Spotlight: Pause Helps Small Teams Manage Time Off, Improve Work-Life Balance

improve work life balance

Taking time off helps employees feel more rested and improves work-life balance. It can even improve morale and productivity around the office. But it’s not always easy for small teams to manage when one person goes away. Luckily, Pause aims to solve this problem. Read about the app and the story behind it in this week’s Small Business Spotlight.

What the Business Does

Offers team management software designed to help teams take time off efficiently.

Founder and CEO Dhruv Saxena told Small Business Trends, “Pause is a time-off management tool that aims to strike the perfect balance between happy, engaged teams and on-track project plans. Here’s the context for what we’re trying to solve:

“In an organization, everyone gets roughly 25 vacation days in a year. But when you put everyone together as a team, it compounds because different people are off at different times. So in a 10+ people team, someone or the other’s on time-off all the time! If you treat this transactionally like most software in this space do, then in no time you’ll have burnout, poor planning, and missed deadlines to contend with. While it’s easy to say that’s because of inefficiency and bad planning, the root cause is usually poor planning around the time that every teammate is entitled to take to decompress. To acknowledge this—and account it into team planning while ensuring that everyone takes healthy breaks and not burn themselves out—is the problem Pause is trying to solve.”

Business Niche

Providing a solution that’s easy to use.

Saxena says, “I think our USP is this: extremely easy-to-use software that integrates seamlessly with the tools people already use for work, like Slack and Google Calendar, where most scheduling and scheduling related conversations happen anyways. At Pause, we often say that if our customers appreciate our software because of its delightful interface, it’s a win. But if our customers appreciate our software before even seeing its interface, it’s a bigger win!”

How the Business Got Started

Due to a gap in the market.

Saxena explains, “We were struggling to find software that treated team members as humans, not numbers. But we couldn’t find anything that helped. Our business started off with a handful of members, so we always knew who was in and who was taking some time off work. But as we grew, things weren’t that obvious anymore. We’d plan projects tightly, only to have it derailed because someone was on a break and we missed the memo. We wrestled with spreadsheets, hacky #OOO Slack channels, and email chains the length of the Great Wall — but nothing stuck. We tried existing software, but we disliked the feeling of being just another “number” to “track”. Nothing felt empathetic, respectful or human. And all this while, our teammates were feeling overworked, frustrated and burnt out. Something had to go, and it wasn’t going to be our sanity or wellbeing. So we chose to sacrifice the hacky approaches and build Pause!”

Biggest Win

Receiving positive feedback.

Saxena says, “To be honest, at first we feared that we might be drawing connections that don’t exist outside our small company’s culture: that encouraging teams to take breaks can both help them feel recharged and energetic, and also positively affect employee retention. We had set out to solve a problem we had, but we were worried that others might not look at it the same way. Our biggest win, then, was the overwhelmingly positive response we saw from the community and the realisation that so many people resonated with the problem we were trying to solve. The confidence boost when we realised, “hey, we’re really onto something here!” was incredible.”

Biggest Risk

Entering a well established market.

Saxena explains, “We were building a new product in the red ocean — an industry that was already well populated with software that claimed to solve the problem. Despite that, we built Pause because we thought that the problem itself was not well thought through. That said, we weren’t 100% confident that others would look at the problem the way we do. Obviously that was a big risk, because if people didn’t resonate, then we’d have had to shut shop even before we started. Luckily, the risk paid off. The end result is that we’re here, we’re building our list of (happy and engaged) customers, and we’ve already begun making a minute dent in the status quo.”

Lesson Learned

Niche down your target market to launch your product sooner.

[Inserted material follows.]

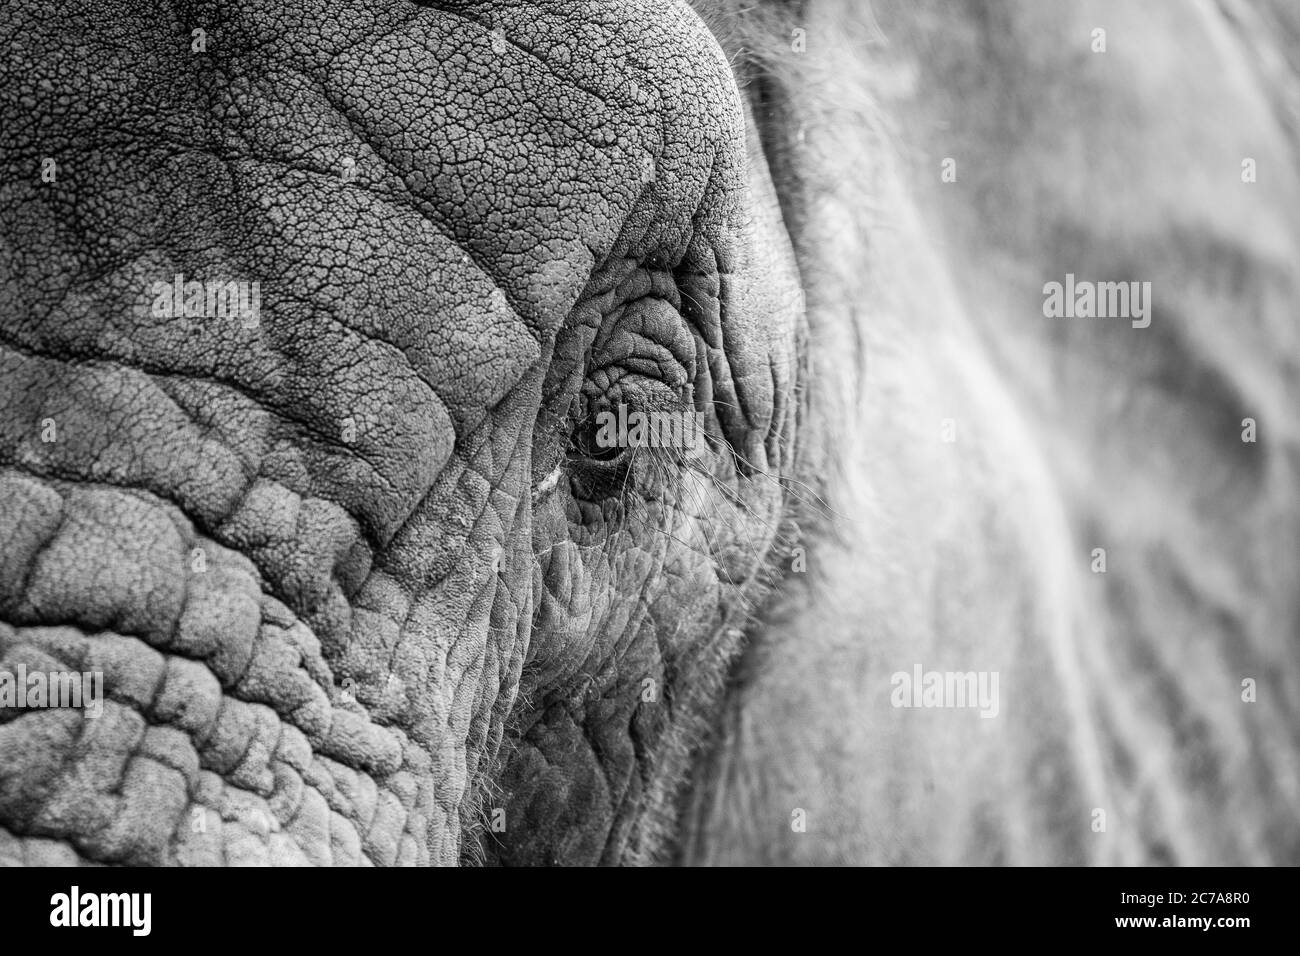 Vue détaillée et monochrome de la tête gros plan sur l'éléphant d'Afrique (Loxodonta africana) isolé en plein air à West Midland Safari Park, Royaume-Uni. Banque D'Images

Saxena adds, “In hindsight, we would have built our features for a strong beachhead market and launched faster. Instead we ended up building a whole suite of features — and that more than doubled our go-to-market time.”

How They’d Spend an Extra $100,000

Market research.

Saxena specifies, “We’d use it for more research to discover problems in the space that we might be oblivious to right now. We’ve solved problems that we know of, but we don’t know what we don’t know. We’d use this amount to explore the territory of unknown-unknowns, because we want to build a product that treats taking time off with compassion. And while we’re on the right track, we have a long way to go.”

What Sets the Company Apart

Actually using their own product.

Saxena says, “We’re often asked how we came up with the idea of Pause and how we solved the problem creatively rather than transactionally like most other apps. Our Secret Sauce is that we’re originally a product design consultancy — and we’ve been meaning to scratch our own itch for a while now! At Obvious, we’re working to build an inclusive company with a value-driven culture. We’re constantly looking for ways to enshrine intention into policy and cement empathetic and human-first processes as norms.”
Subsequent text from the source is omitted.